The HAVC_cmnet2() function that I'm using, is the one available in the coming version of HAVC 5.8.0, the one currently available in HAVC 5.6.7 was a my previous attempt of introducing the sliding window memory in ColorMNet, but given the lack of permanent memory It was not working, the produced colors were faded.
Reply
#3
Hi Dan,

Thank you very much for sharing your workflow and your valuable findings. It is extremely interesting to see how far the pipeline has evolved, especially with the combination of high-quality reference frame extraction, Qwen-Image-Edit for keyframe colorization, and the new CMNET2 propagation stage.

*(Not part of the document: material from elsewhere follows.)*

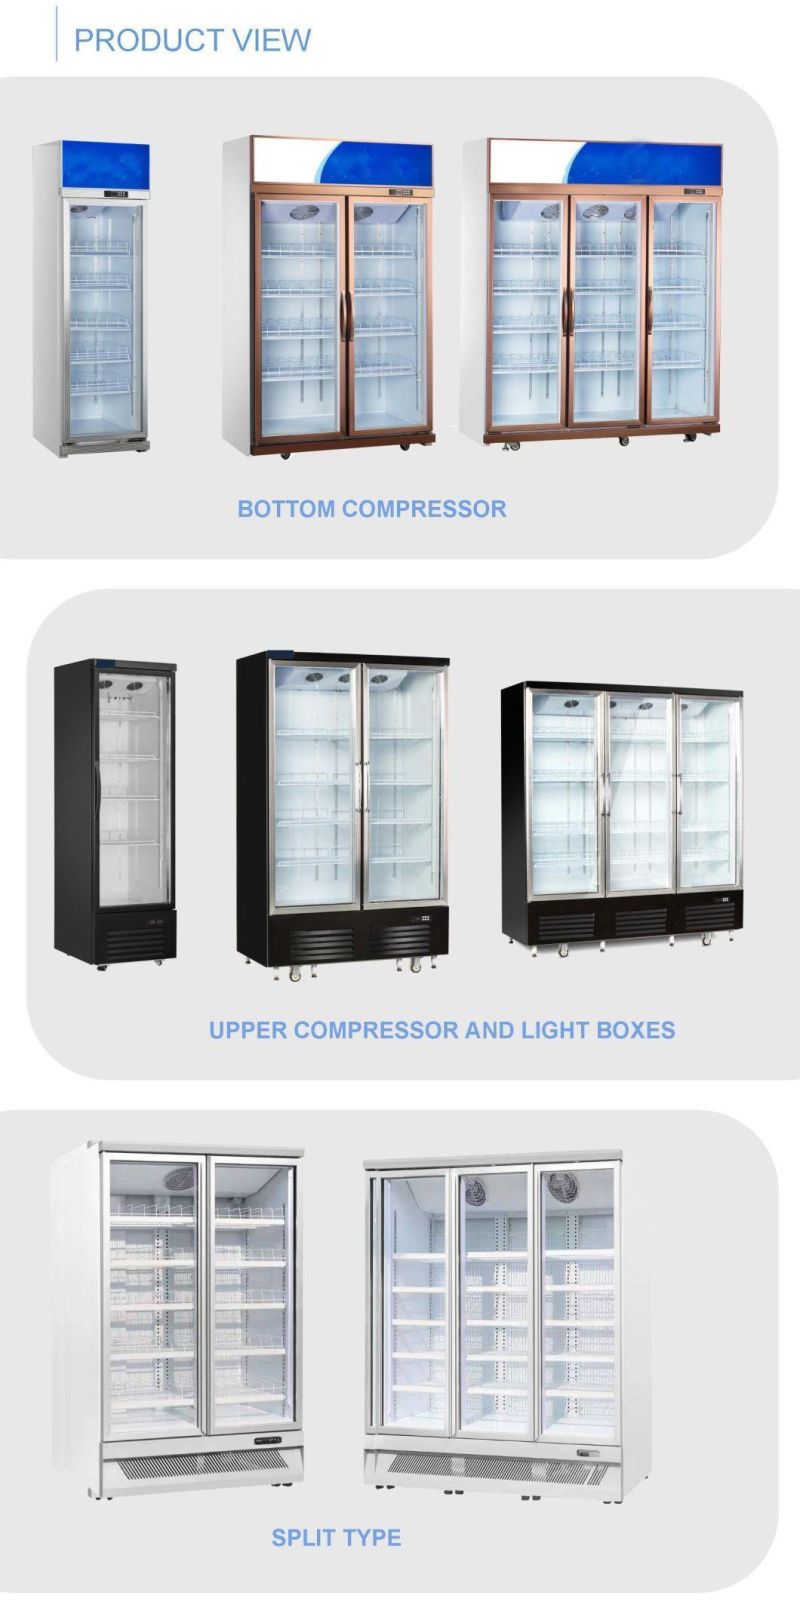 Commercial Supermarket Vertical Beverage Fresh-Keeping Refrigerator Freezer Display Cabinet

Your results sound very impressive, and the fact that you describe them as cinema-grade quality says a lot about the progress being made. It is also very helpful to hear your comparison with other available models and your confirmation regarding Qwen-Image-Edit.

The improvements you mention with permanent memory and sliding window memory in CMNET2 sound particularly promising for solving the long-standing issues of temporal consistency and faded colors. That is exactly the kind of advancement many users have been hoping for.

I really appreciate you taking the time to explain everything in detail. I’m looking forward to trying the coming version of HAVC 5.8.0.

Thank you again, and best of luck with the release and future developments.